Abstract Context Congenital hypothyroidism (CH) due to DUOX2 mutations shows marked clinical heterogeneity. While some patients recover thyroid function during early childhood, others require long-term levothyroxine (LT4) therapy. The determinants of this variability remain unclear. Objective To determine whether baseline biochemical severity, thyroid morphology, bone maturation, and biallelic DUOX2 variant severity are associated with thyroid function recovery in DUOX2-related CH. Methods We retrospectively studied 71 patients with biallelic pathogenic DUOX2 variants, classified into three outcome groups: LT4 discontinued by age 4 years (n=19), LT4 discontinued after age 4 years (n=25), and continued LT4 with biochemical worsening requiring dose increase (n=27).
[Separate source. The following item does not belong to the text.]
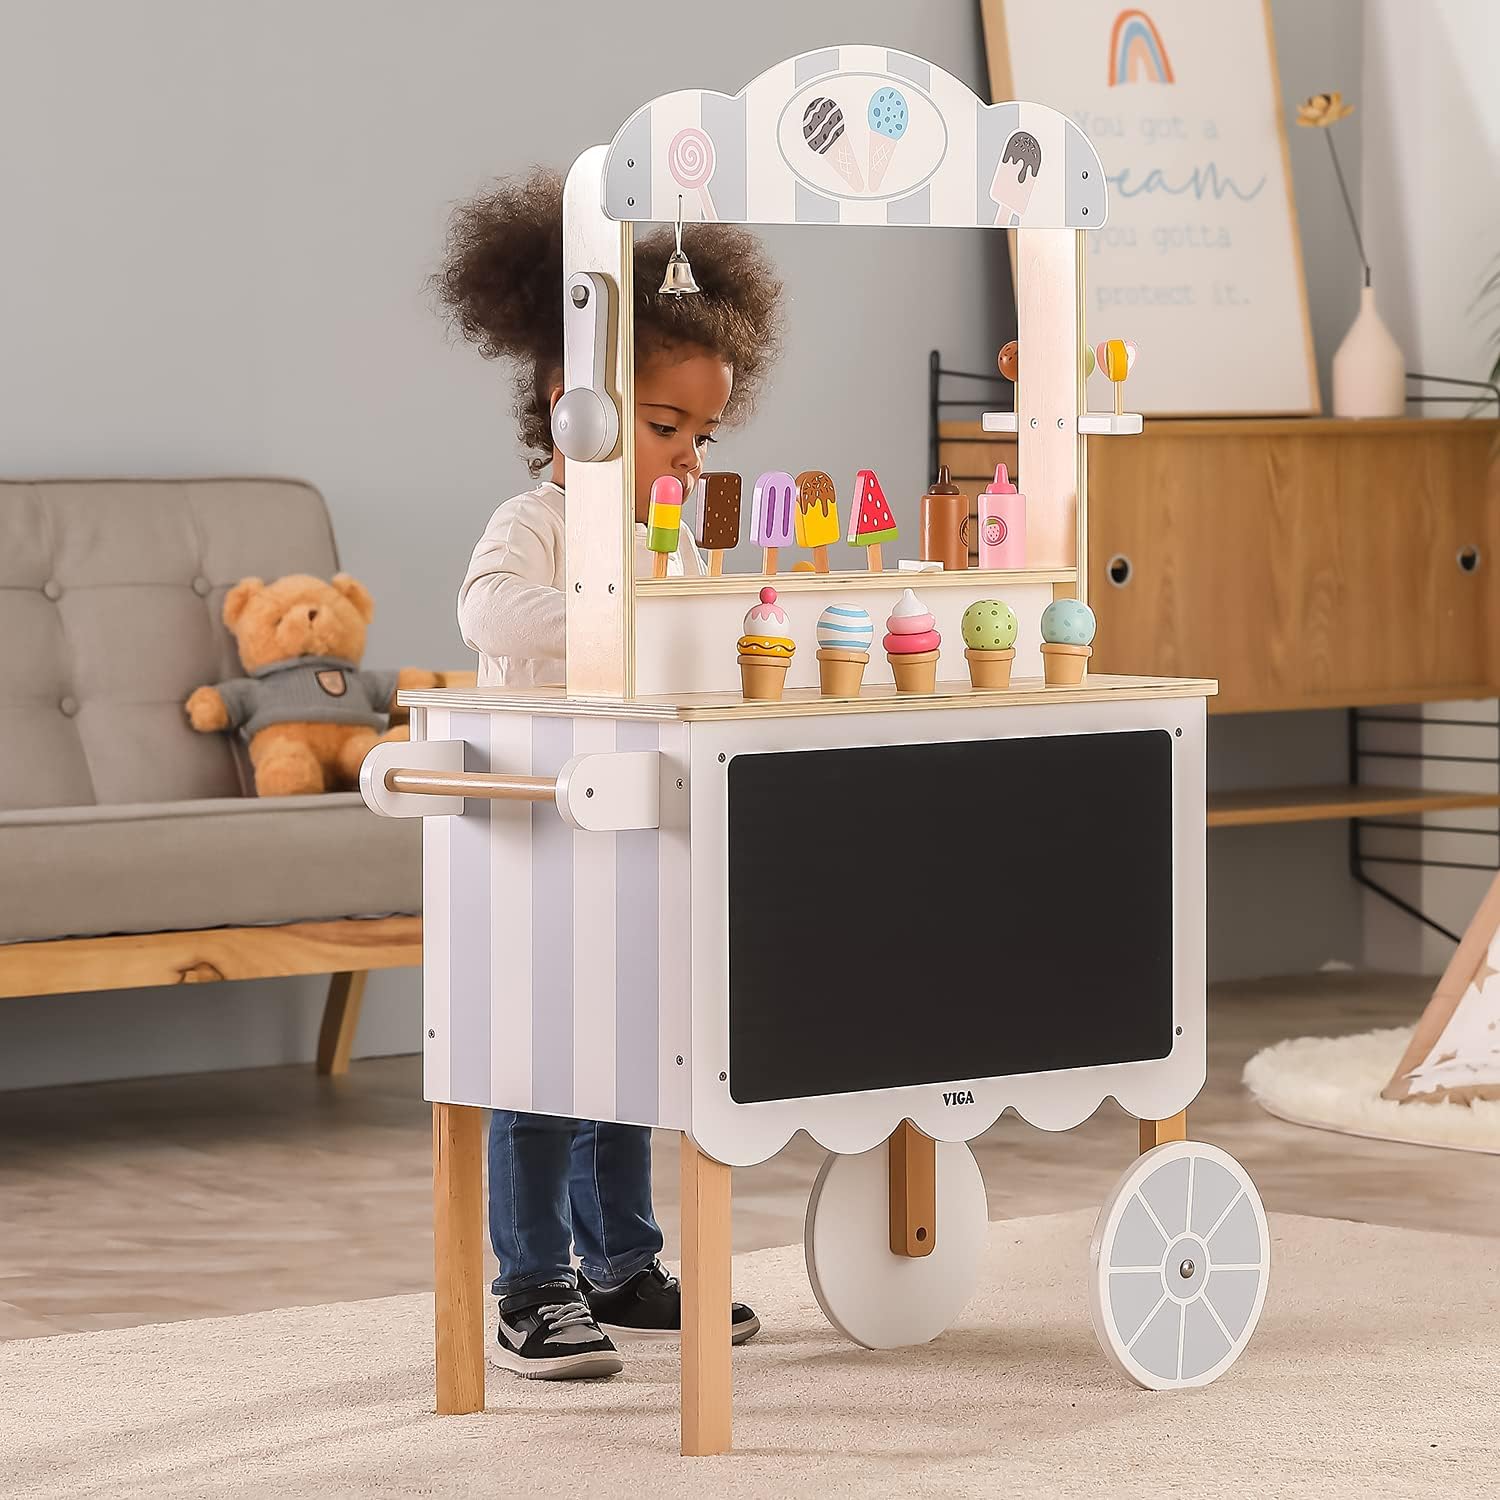 Mobile Ice Cream Shop, Give your child the ultimate ice cream experience with this Mobile Ice Cream Shop.This Mobile Ice Cream Shop set includes colourful ice cream cones, ice-lollies, lollipops, and utensils for a realistic ice-cream trolley experience! The ice cream ball can be matched at will, making it perfect for customizing each ice cream cone to your child's liking. Our ice cream scoop is attached with a magnet which can attract the ice cream ball and put it on the cone with ease, just like a real ic
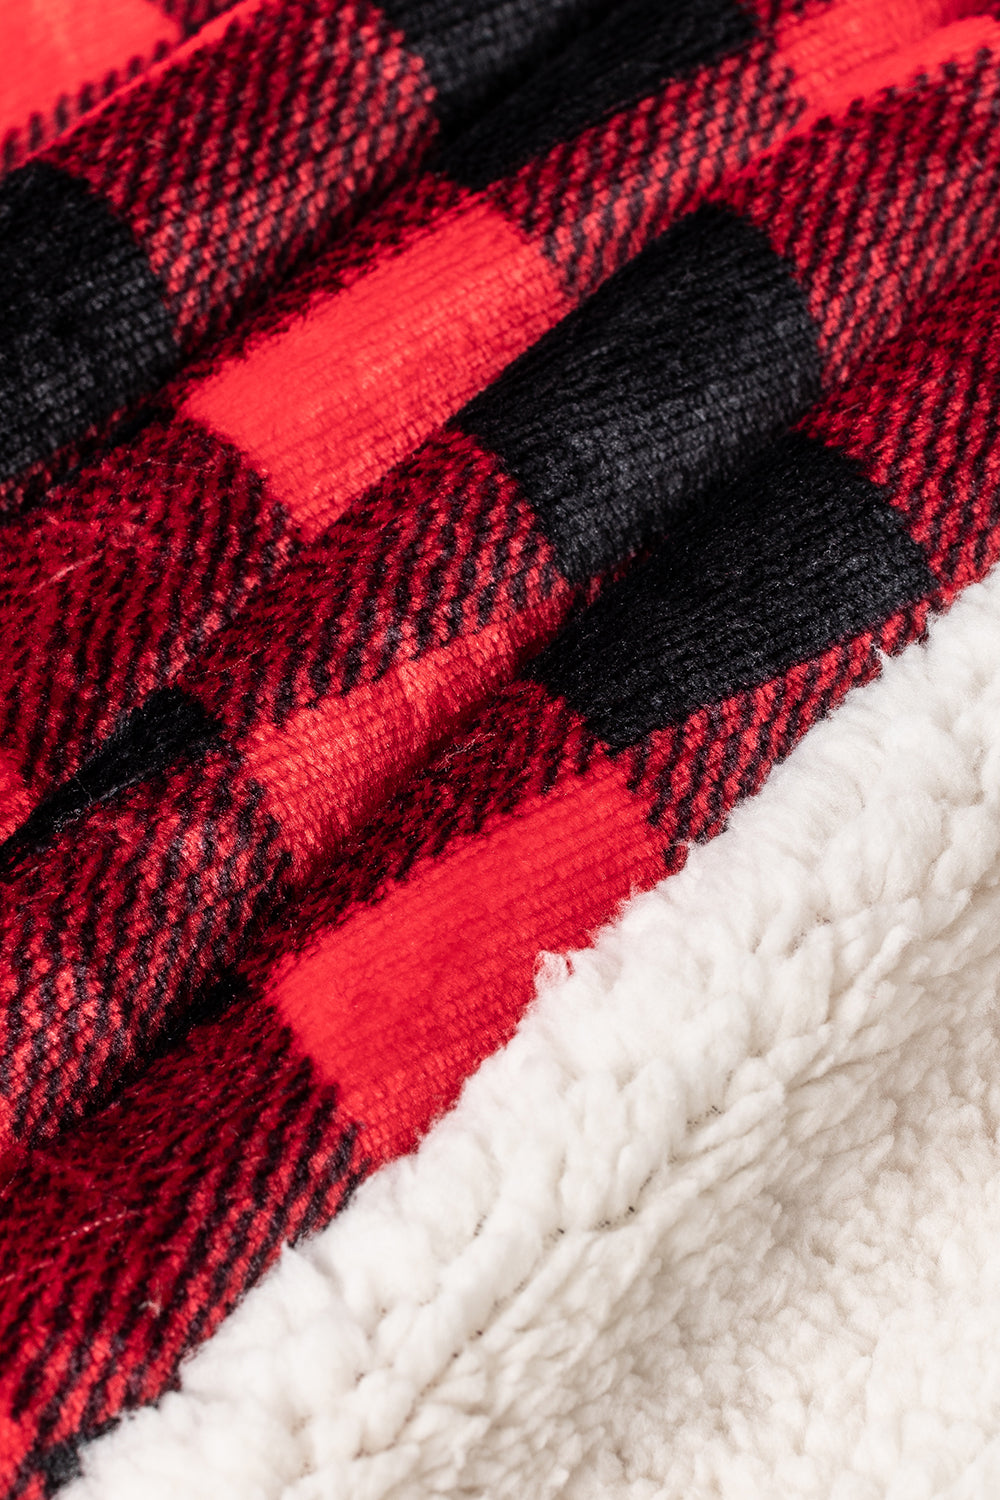 just cozy, Bedding, Just Cozy Sherpa Blanket

Baseline thyroid function tests, thyroid volume, and bone maturation were compared among groups. Bone maturation was assessed by distal femoral epiphyseal area (DFEA) and categorized as normal (DFEA ≥0.22 cm2) or delayed. Genotype–phenotype associations were examined, including variability among patients with identical biallelic genotypes. Results Baseline thyroid function did not differ across groups (TSH p=0.222; T3 p=0.314; T4 p=0.422; free T4 p=0.505; thyroglobulin p=0.363). Thyroid volume (p=0.246) and bone maturation (p=0.238) were not significantly different. The distribution of putative severe DUOX2 alleles did not differ (p=0.862). Identical genotypes were observed across different outcome groups, indicating divergent clinical courses. Conclusion Baseline biochemical severity, thyroid volume, bone maturation, and DUOX2 variant severity did not reliably predict recovery in DUOX2-related CH. Substantial within-genotype heterogeneity suggests contributions from compensatory H2O2-generating pathways and/or other modifying factors.